Top Big Data Trends to Affect Your Business in 2020
The global Big data market is growing year by year. Data-driven decisions have become common for numerous industries around the world.
In fact, 97.2 percent of companies invest in Big data projects. The reasons are clear: it helps to understand and anticipate customer needs, scan the hottest trends in social media, analyze all kinds of external and internal threats to your organization.
Big data transforms practically every business sphere. With Big data steady growth, we can foresee how its capabilities are going to expand in the coming years. Let’s look at the potential of Big data technologies and disclose the trends and challenges that are going to dominate in 2020.
Big Data Industry Trends
Machine learning to continue hunting for insights
Machine learning(ML) provides an opportunity to analyze the data flow coming from numerous sources be it sensors, applications, or Google search queries. Machine learning systems use their own mechanisms to extract insights and assure fast and robust problem-solving without manual assistance. It’s no wonder companies are ready to prepare their environments for machine learning algorithms in the coming years. Experts predict that the machine learning industry is going to draw almost $60 million in late 2021.
Demand for NLP systems to rise
According to Gartner, 50% of all analytical queries will account for NLP (natural language processing) by 2020. This means companies will have to develop a system that can capture customer voice and translate it into the language used by machines. With NLP, it will be possible to dig deeper into customer attitudes and preferences. This, in turn, will lay the groundwork for developing virtual assistants or chatbots with “conversational” capabilities. Using Big data analytics tools, further advancements are likely to bring the concept closer next year.
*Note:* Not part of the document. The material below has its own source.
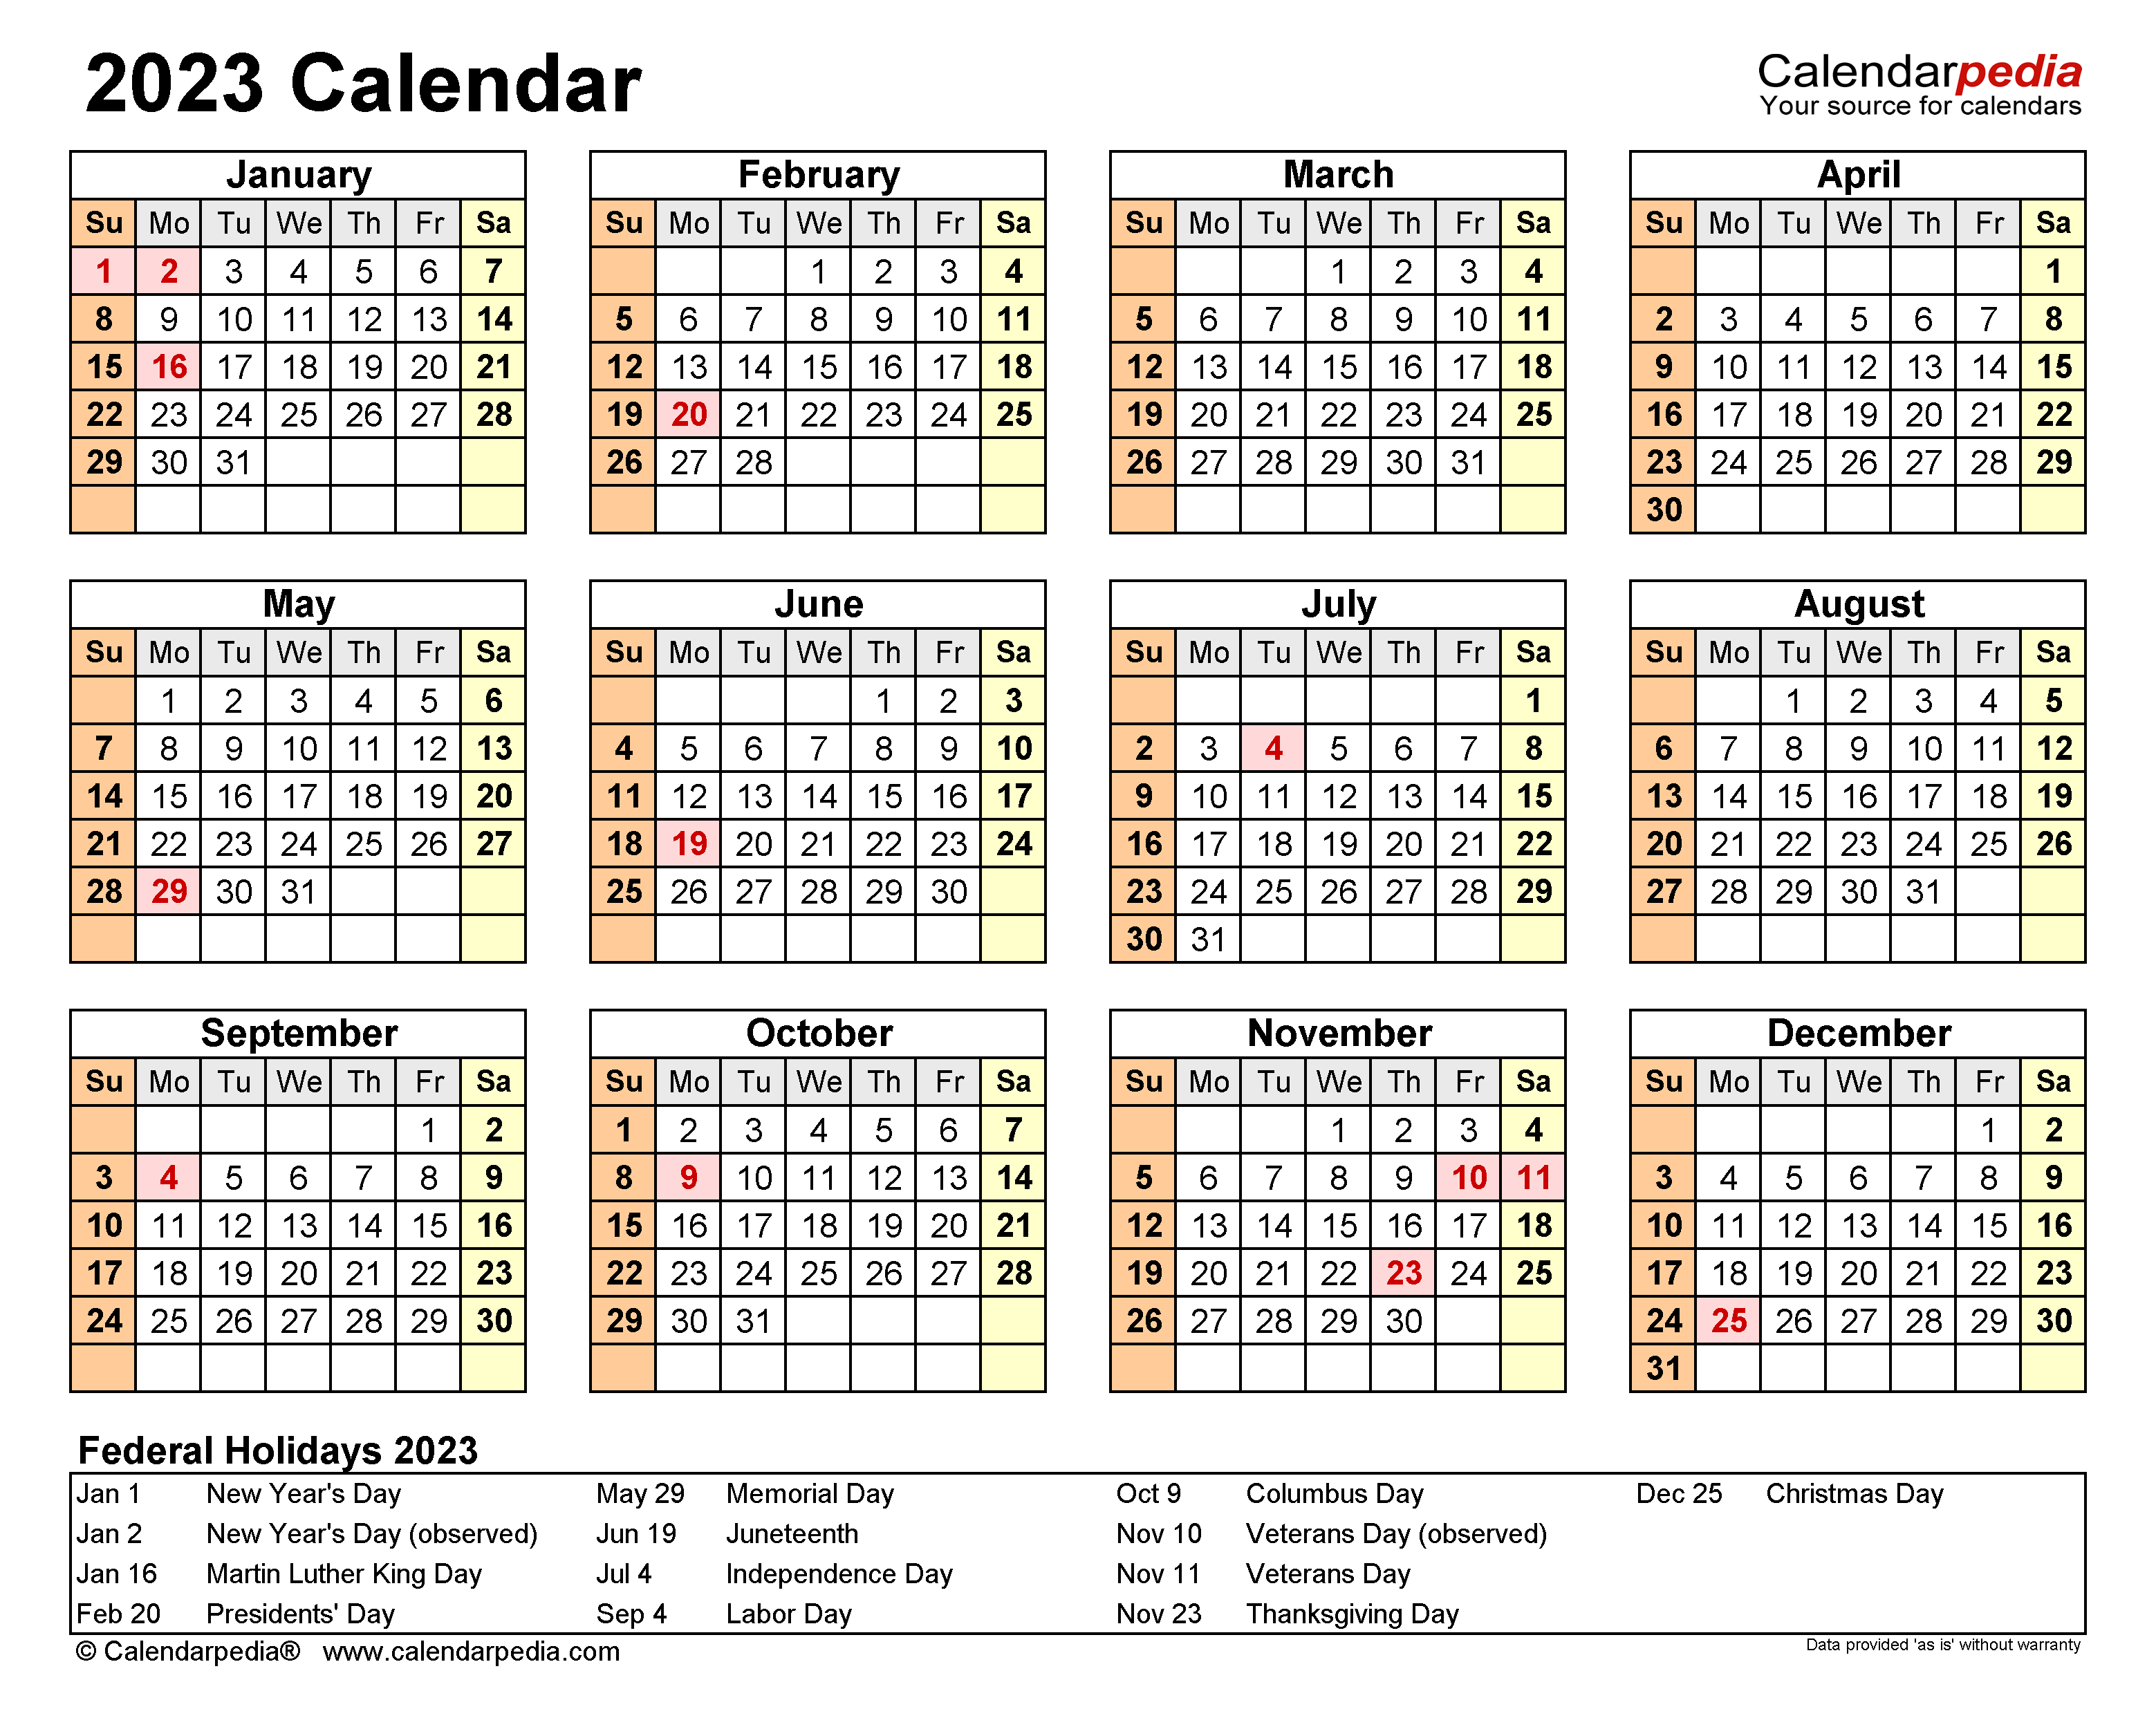 Rice Academic Calendar 20222023

Big data to transform skillsets
Big data growth has given rise to the specialization of roles within IT departments. This creates an urge for companies to search for talent with industry-specific expertise rather than an MBA degree. Moreover, Gartner predicts that almost half of all manual data management tasks will be put to automation towards the end of 2022. Data analysts will have to master automation methods and new Big data analytics tools that help to extract reliable insights.
Data-as-a-service to grow in demand
Almost every company is going to recognize the benefits of data-as-a-service (DaaS) in the next couple of years. DaaS delivers data in streams that are tailored to subscribers’ needs. Now, relatively few businesses have in-house resources to access data streams and manipulate that data efficiently. DaaS can eliminate the need for internal data management teams as it offers a robust means to access external data sources quickly and easily. Data-as-a-service will give you more control over company-wide data and will fill the gap between departments. Data lake proliferation, as well as secure cloud-based solutions, can make relevant data available in an easy-to-use and secure format.
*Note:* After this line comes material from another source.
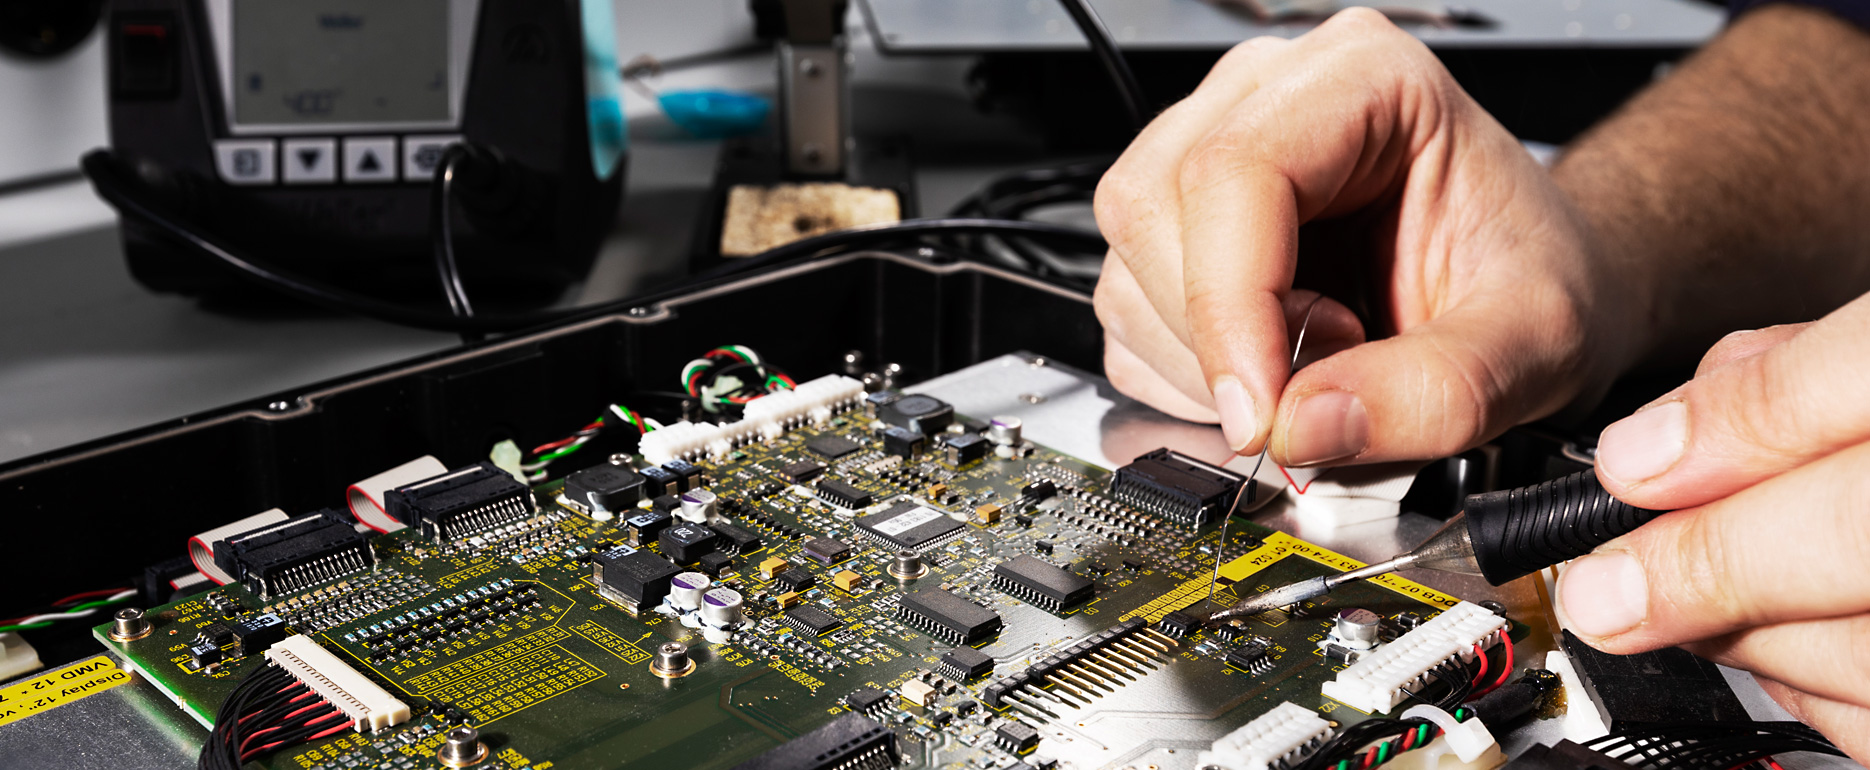 Ein Entwickler repariert ein elektronisches Gerät

5G to speed up data transmission
Gartner predicts that there will be over 25 billion connected devices by 2021 producing large volumes of data. To integrate the data coming from various sources, the 5G technology will provide a high-throughput data pipeline that can handle extremely large data volumes. The technology will improve user experience by connecting household-level wearable tech, VR-assistants, and health-monitoring devices. At the industrial level, 5G will be powered by the Big data technology stack to provide faster and safer ways to collect and process data.
Edge computing to gain numerous adopters
According to Gartner, edge computing is about shifting the data processing infrastructure closer to the data generation source. Local data processing as well as real-time data analysis are likely to grow exponentially by 2025. In fact, Gartner predicts that edge computing will jump by 75 percent within the next couple of years. This happens because sending business-critical data to the cloud or centralized data systems is not so effective as it used to be in the previous years. The urge for fast near real-time processing of data streams goes hand in hand with Big data growth.
Big Data Challenges
Along with its potential, Big data issues and challenges can’t be ignored. This happens because more data than ever have been created in recent years. The advent of wearable devices and other IoT technology based gadgets has generated massive data influx from ordinary users. Only a small amount of this data is accessible for further analysis with the help of Apache Hadoop, Spark, or other analytics frameworks. Other concerns to be addressed are:
– Data complexity and reliability: those challenge numerous companies willing to make informed decisions. Companies need to learn how to work with vast amounts of data and develop their own solutions to process raw data.
– Data security: data is coming from various sources making it hard to pinpoint a compromised one. Organizations will have to work out appropriate practices to secure data collection and retrieval.
– Data protection: did you know that the Internet handles 3.8 million Google searches and 1.4 million Tinder swipes every 60 seconds? Experts predict that the figures are going to rise significantly in 2020. Should those forecasts come true, there will be mountains of sensitive data that will require consistent regulation and protection. Organizations that process personal data have to comply with data protection regulations introduced by GDPR. The California Consumer Privacy Act is also expected to come into action in 2020. Businesses will be under pressure to keep up with the ongoing changes as failure to comply will result in heavy penalties.
In the recent couple of years, Internet users have already created more data than ever before. Big data is transforming the way businesses operate and there is no sign of it slowing down. We believe that 2020 is going to be another crucial year with Big data and analytics remaining at the forefront of decision-making.